コインパーキングを踏み倒す

 友人のAさんと一緒に、彼女のだんな様(B氏)が出演するライブを聴きに行った。二人は、ライブが終わったその足でクルマで羽田に乗り付け、最終便でタイに飛んで、翌朝タイ人の友人の結婚式に参列するという。かなりの強行軍である。
 「アンコールがさくっと終わればいいね」
 久しぶりのライブの音を楽しみながらも、時間が気になって途中で腕時計を外してしまった。が、そんな心配をするまでもなく、アンコールの2曲目が大喝采の中フェイドアウトすると、かっきり9時半。
 余韻に酔いしれる彼女と私の横で、B氏はそそくさと楽器を片付けて荷造りすると、車を取りに近くのパーキングに走って行った。

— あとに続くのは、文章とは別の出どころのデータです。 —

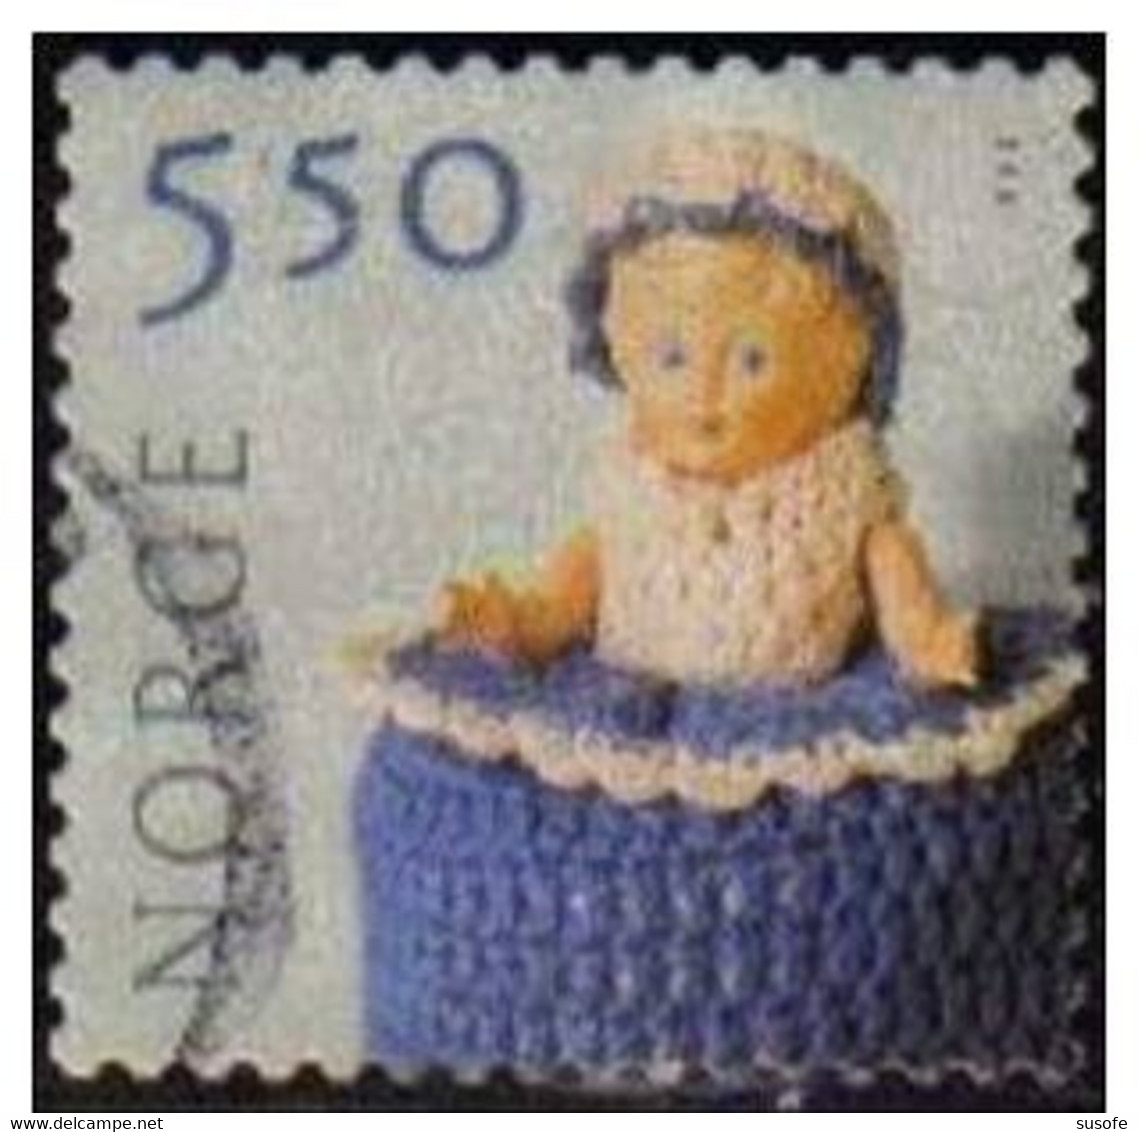 Noruega 2001 Scott 1306 Sello º Artesania Manual Textil Juguetes Michel 1390 Yvert 1339 Norway Stamps Timbre Norvège - Used Stamps
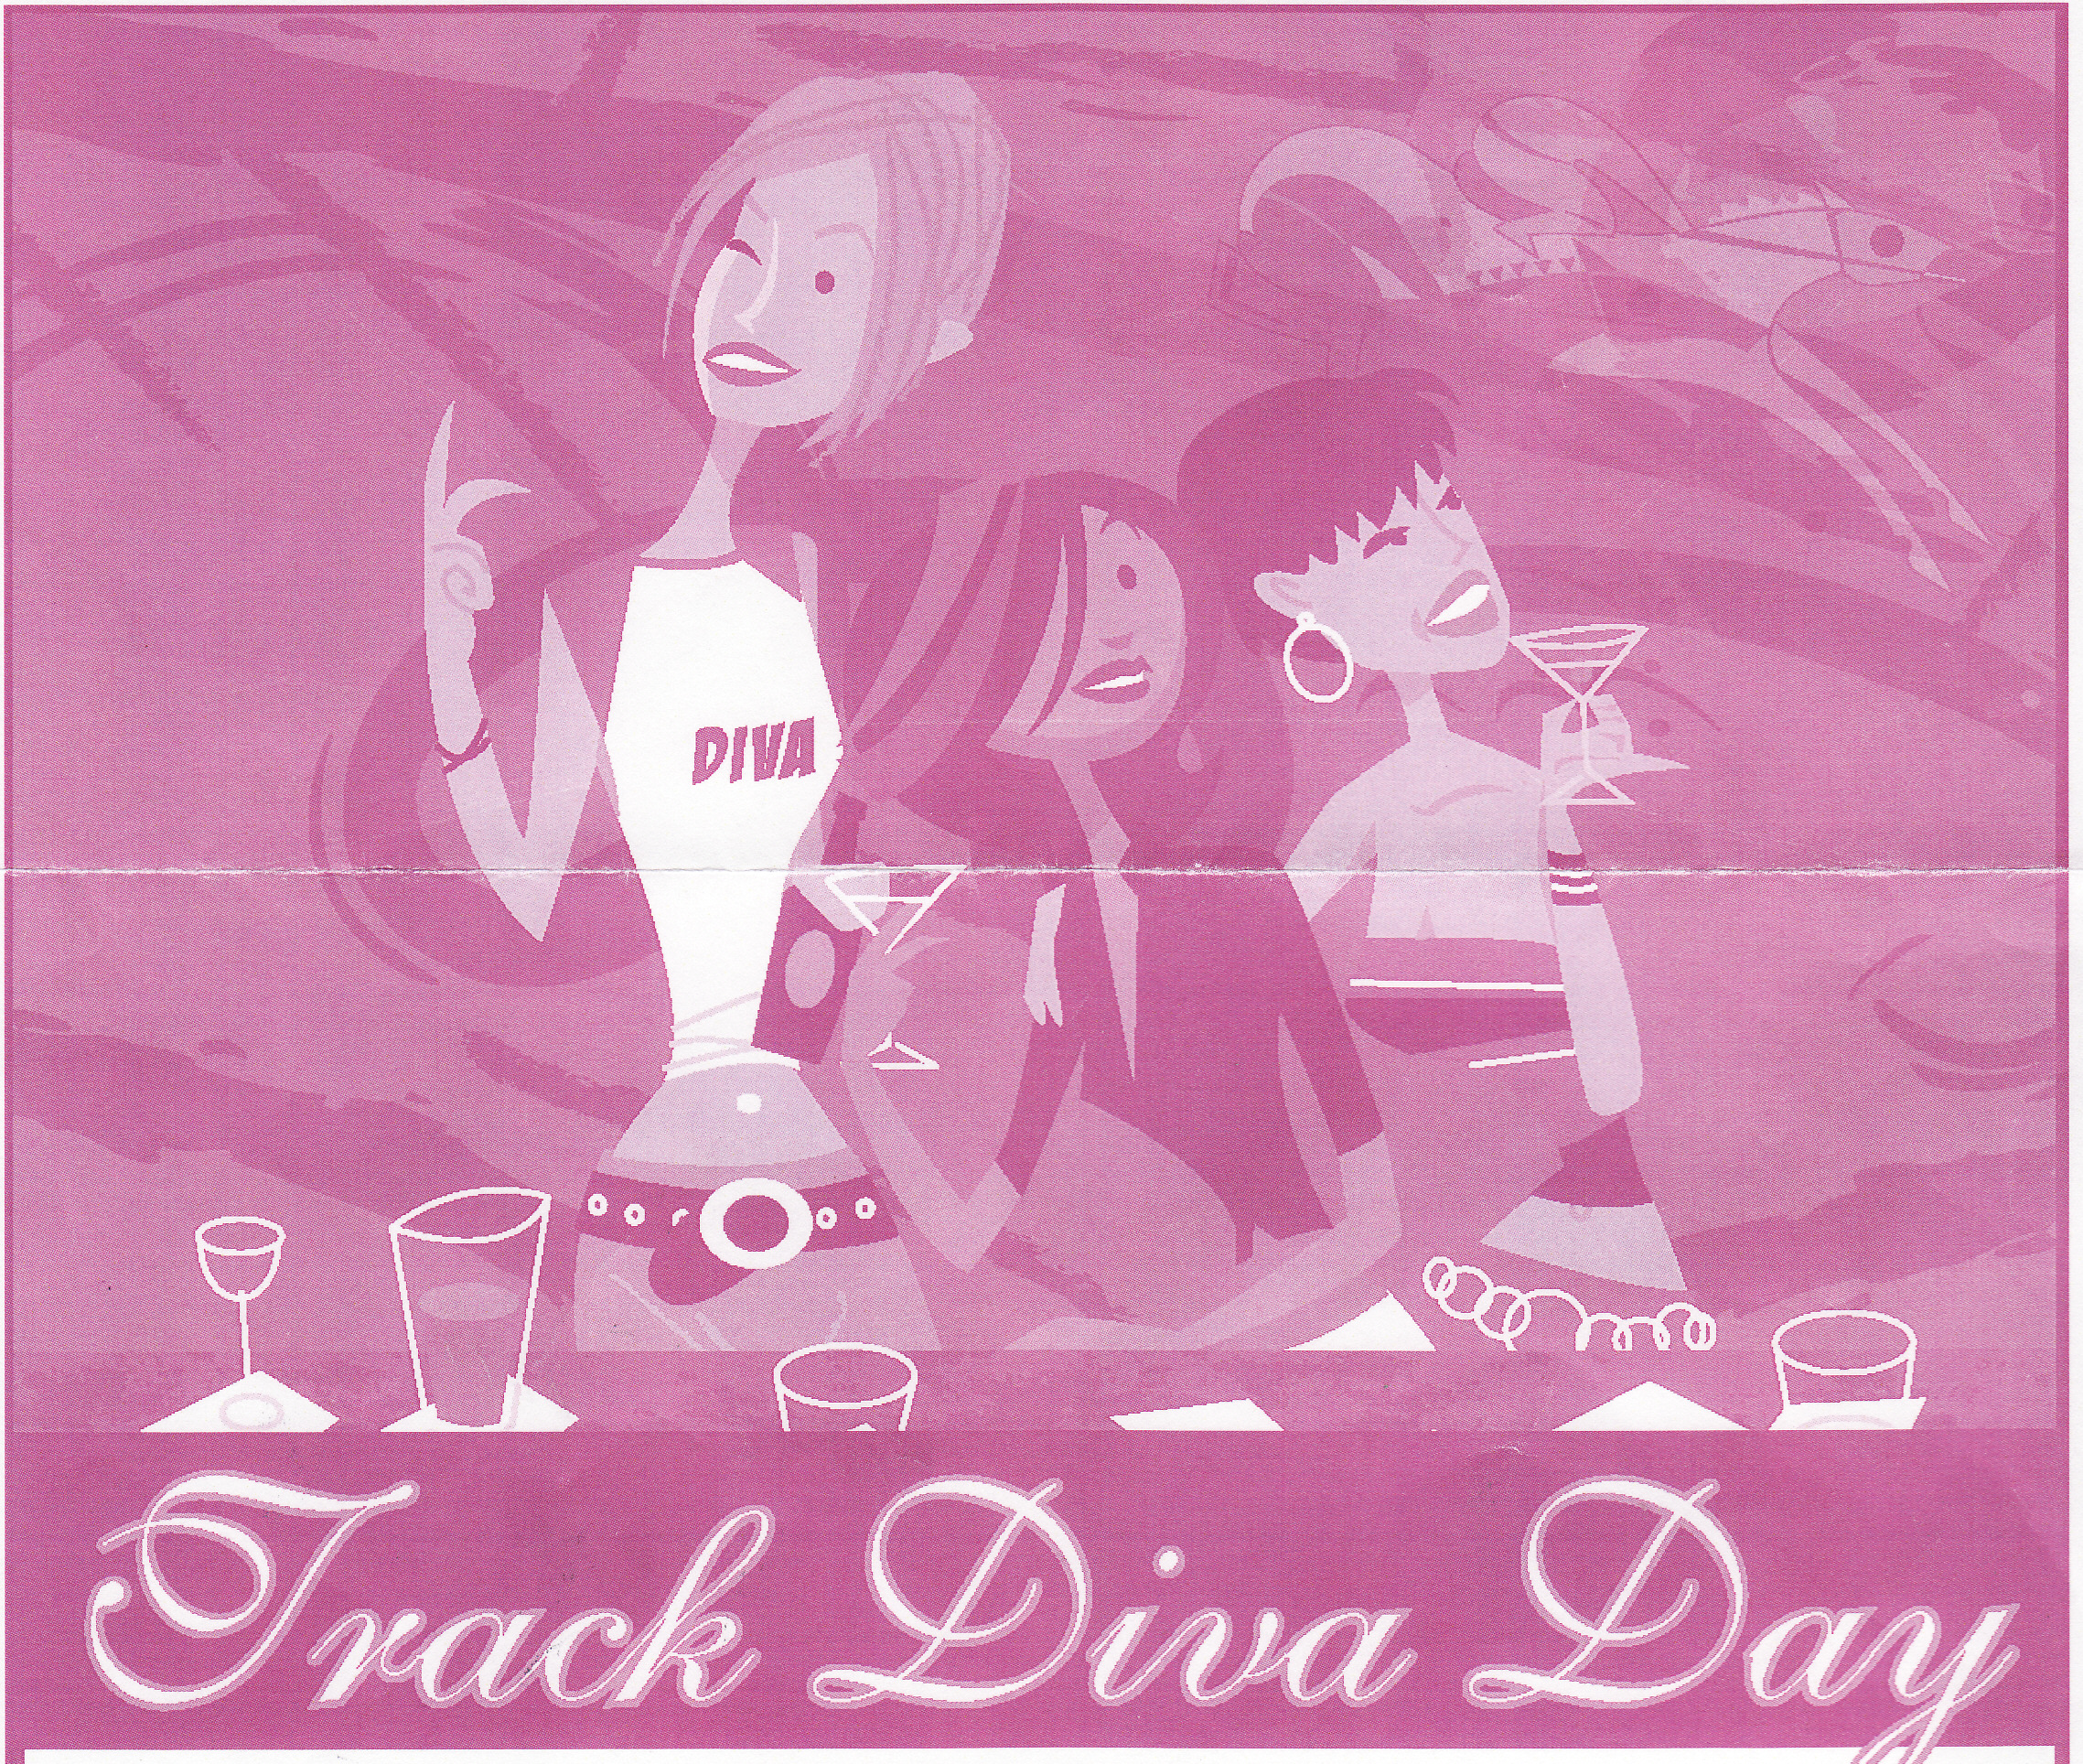 Track Diva Day

 なかなか戻ってこないな、と思っていると、ライブハウスの電話が鳴る。B氏からだった。パーキングから車が出せないから、2人で来てほしい、という。
 クルマが出せない? 2人で来てって、どういうこと? 
 アタマに「?マーク」をいくつも浮かべながら現場に向かうと、精算機の電源が根こそぎ落ちていて、うんともすんとも言わない。
 「管理会社に電話したんですか?」
 「何度電話しても誰も出ないんだよ! あ~っ、これじゃあ飛行機乗れないよぉ!」
 B氏が声を荒げるのは、めちゃめちゃ珍しいことだ。実は、私にとってB氏は、「こういう人と結婚したらシアワセになれるだろうな」リストのトップ3に入る憧れの男性である。物知りで器用で、最安値の家電選びから家具の組み立て、生活上の難題解決はもちろん、不測の事態にも慌てず騒がず、冷静に迅速に対応できる、頼り甲斐満点のタイプなのだ。
 その彼が、アセっている。ヤバい。
 「えーっ、車出せなかったらどうなるの!?」
 有事はB氏に頼り切りのAさんが、さらに慌てる。私は念のため、看板に書かれた管理会社の電話番号にかけてみる。じーっ、じーっ、じーっ。出ろー、このー。

 B氏は、管理会社より自力本願である。
 「だから、この板、2人で踏んだら動くかもしれないから!」
 えっ。そんな。機械でしか動かないんじゃ…。とはいえ、B氏に従ってみるしかない。Aさんが運転席に座り、B氏と私がロック板に乗っかる。電話の呼び出し音が途切れる。
 「はい、〇〇管理会社です」
 出た! かくかくしかじか、状況を説明する。
 「これから羽田に行かなきゃいけないんです! 飛行機乗り遅れるわけにいかないんです!」
 B氏が乗り移ったように私が叫ぶ。
 「それなら、板に乗ってください。ちょっと動くでしょう。それで乗り越えちゃってください」
 えっ。そんな。やっぱりB氏の解決策が正しいのか。だったら電話した意味ないじゃん。
 「踏めって、言ってます!」
 「よし! せーのっ」
 うんしょっ、と二人で踏むと、数㎝ロック板が沈む。
 「ゆっくり進むんだ! もっとゆっくり!」
 B氏がAさんに指示を出す。じわっ、じわっ。後輪が板に乗り上げかかった途端、かくっと板の抵抗が消え、べたりと沈み、すいーっと車、脱出成功。
 「やった~! 出ました! ところでこれ、とーぉぜん、駐車料金はタダですよね!」
 思わず強気の発言。
 「あ、はい、結構です」

 かくして、車をライブハウス前につけ、キーボードその他をちゃっちゃか積み込み、二人は羽田へと走り去ったのだった。
 テールランプに手を振りながら、私は思った。
 コインパーキングって、ああすれば(文字通り)踏み倒せるじゃん…。

 ググってみたら、「コインパーキングの不正出庫で罰金10万円」みたいな書き込みがぞろぞろ出てきた。…そうだよね。監視カメラで全部撮られてるもんね。後から追跡されるに決まってるよね。
 であれば、あのとき電話で強気の“料金交渉”をして、ちゃんと「タダ」の言質をとった意味は、あったわけだ。いや、でも、あんな緊急事態、悪いのは管理会社のほうだ。料金払いたくたって、機械が動いてなかったんだし。ぶつぶつ。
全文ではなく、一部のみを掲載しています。